Beginning as an assistant seamstress to her grandmother, a quirk of fate makes her flower into a sought after actress who arrives in Tom Lake for an acting project to play the role of Emily Gibbs in Thornton Wilder’s much acclaimed play, 'Our Town'. In her acknowledgement Patchett thanks “Thornton Wilder, who wrote the play that has been an enduring comfort, guide and inspiration throughout my life. If this novel has a goal, it is to turn the reader back to Our Town, and to all of Wilder’s work. Therein lies the joy.”

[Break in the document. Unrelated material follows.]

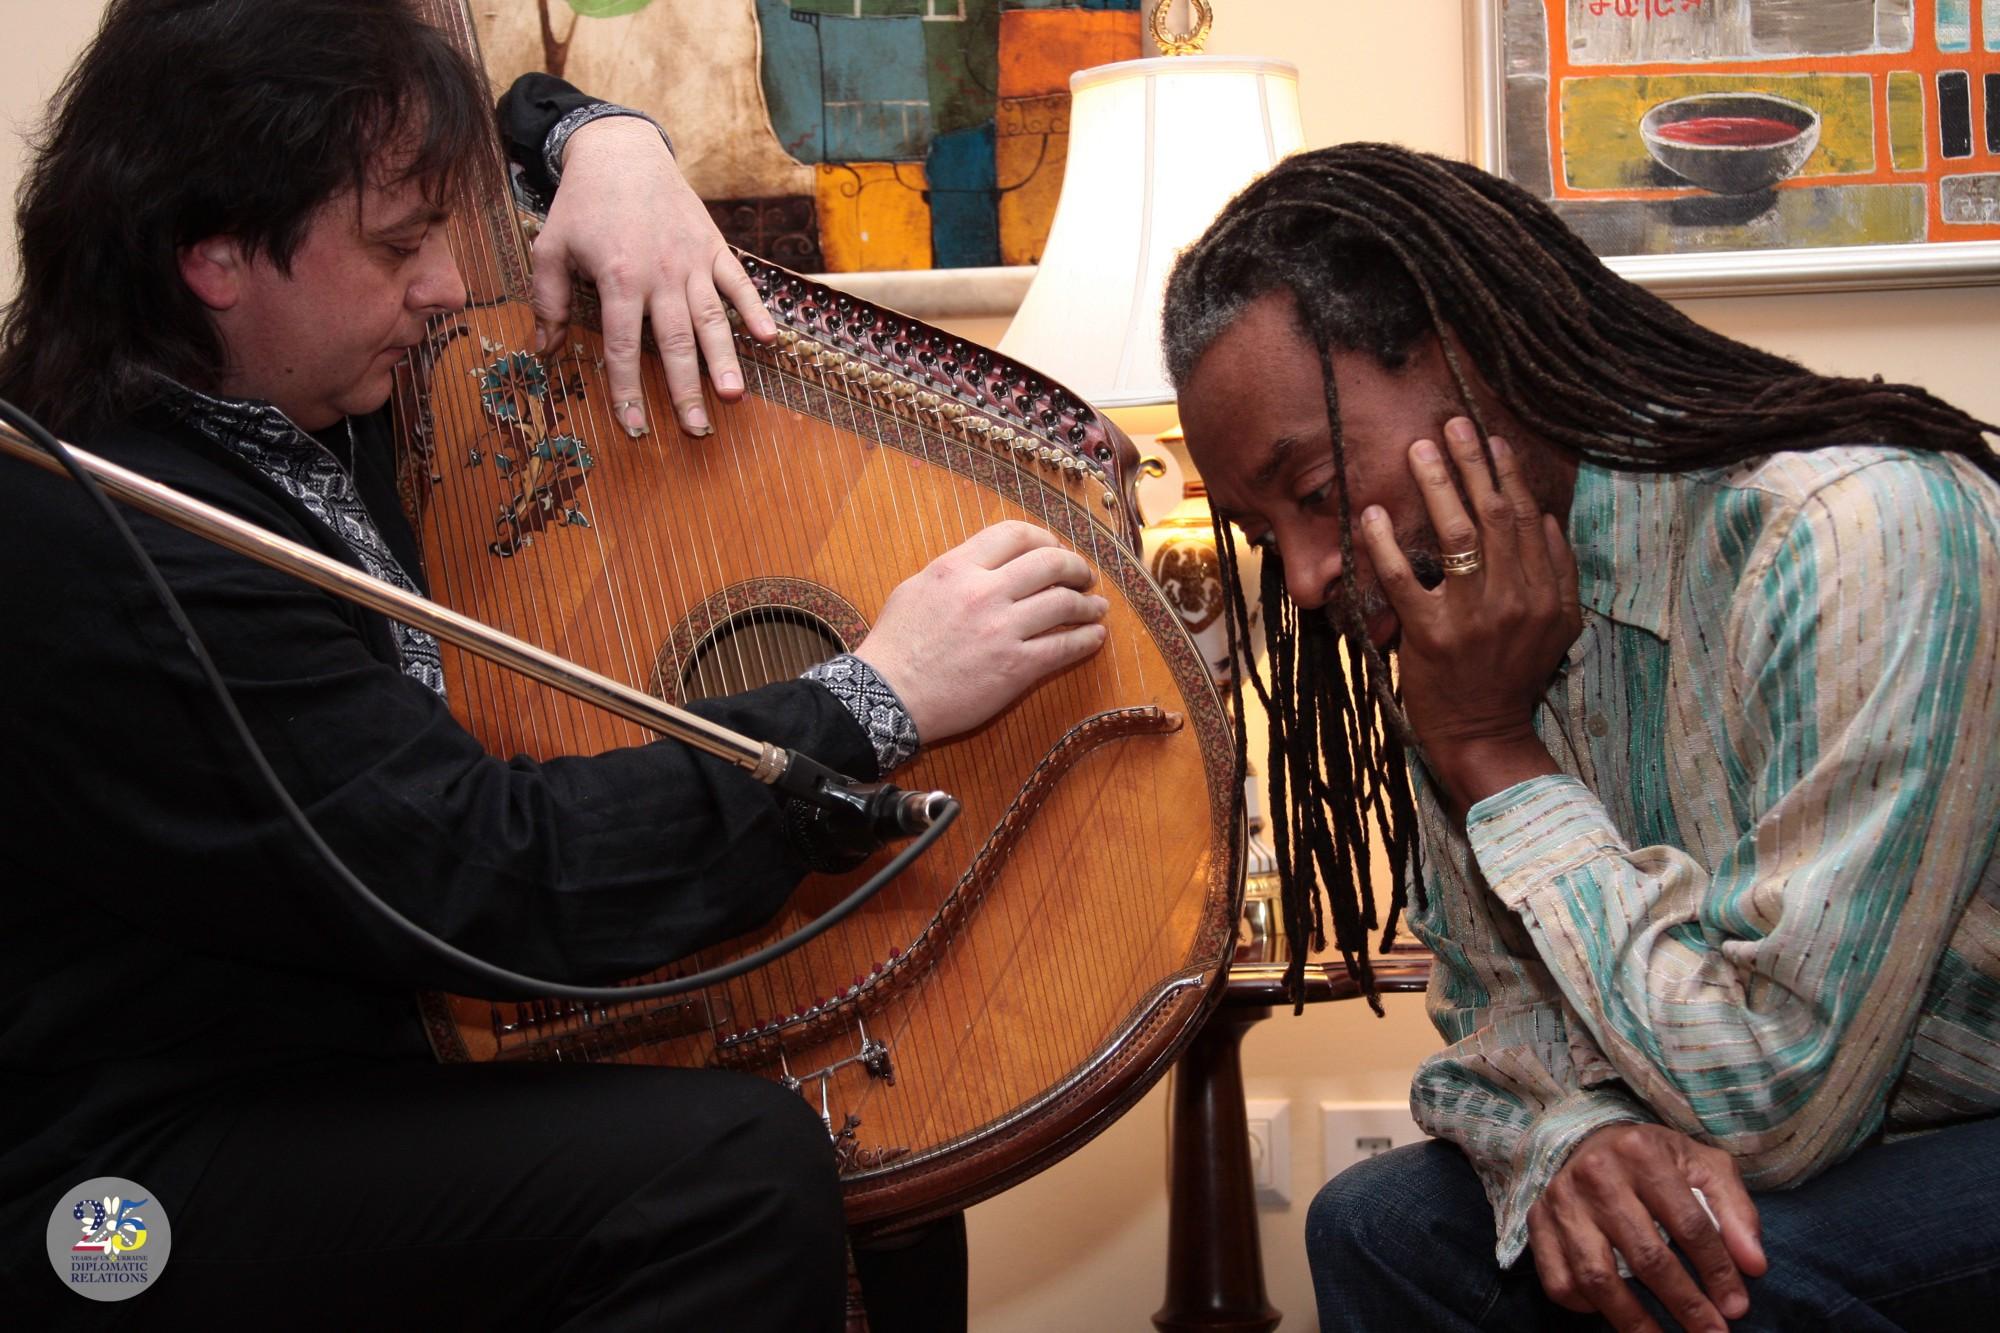 Бобби Макферрин, известный американский джазовый вокалист и дирижер, слушает игру на бандуре от украинского бандуриста Романа Гринькова, Киев 2010.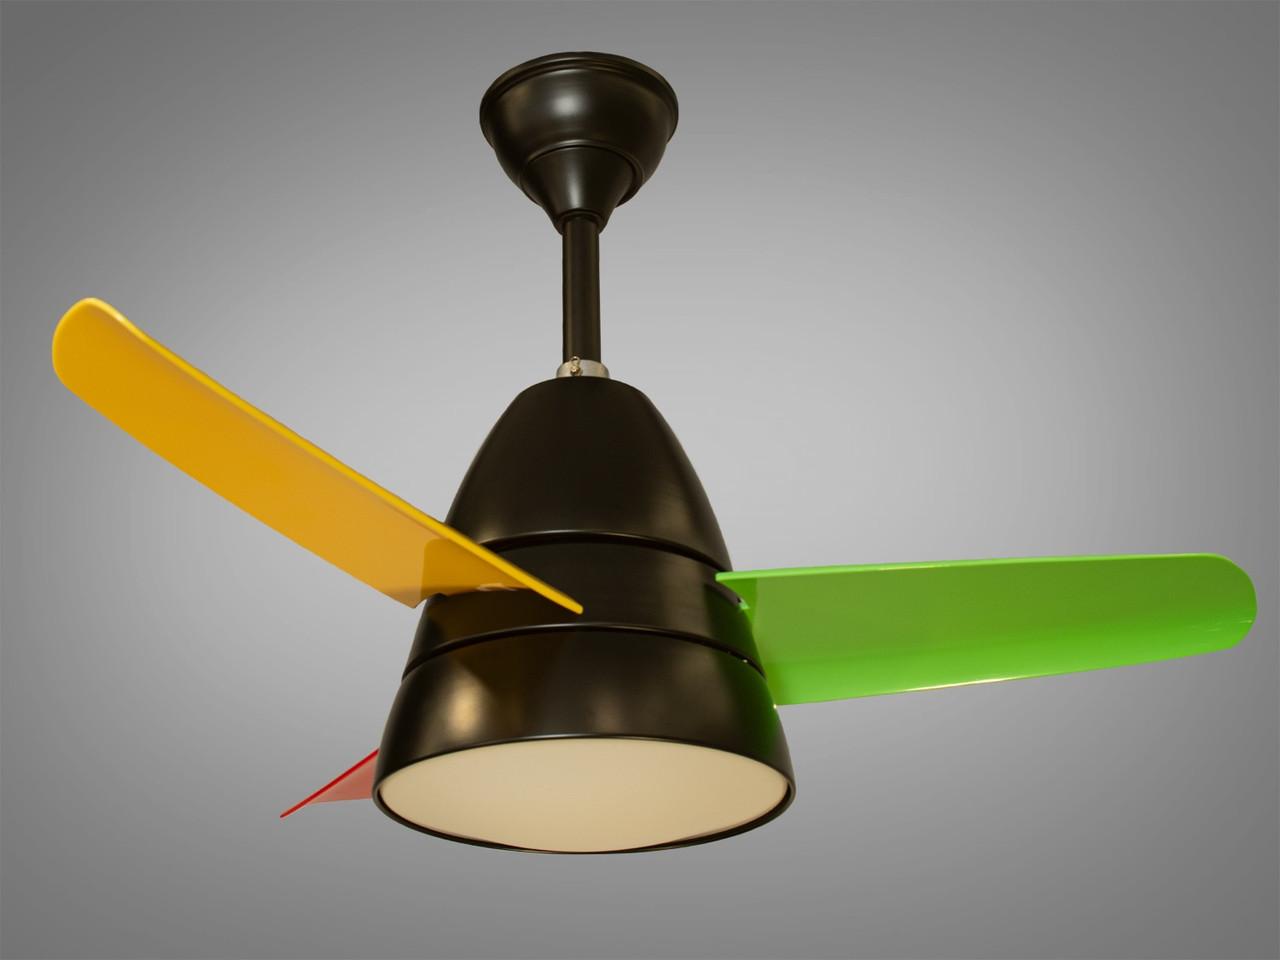 Люстра-вентилятор з різнокольоровими лопатями 6380BK

For anyone interested, the movie “Our Town” is available on You Tube and worth a watch. What strikes one immediately is the gentle and harmonious life and times that Wilder portrays in his work which Patchett is so wistful about. These people are normal and reassuring with ordinary preoccupations and worries but with extraordinary reserves of compassion and fellow feeling. Almost like the world in Robert Browning’s Pippa’s Song:
The year's at the spring,/ And day's at the morn;/ Morning's at seven;/ The hill-side's dew-pearl'd;/ The lark's on the wing; / The snail's on the thorn;/ God's in His heaven,/ All's right with the world!
The novel ends with a sense of redemption as all is forgiven and all is right with the world, making it an example of “literature of hope especially at a time when news headlines are dire and bleak.”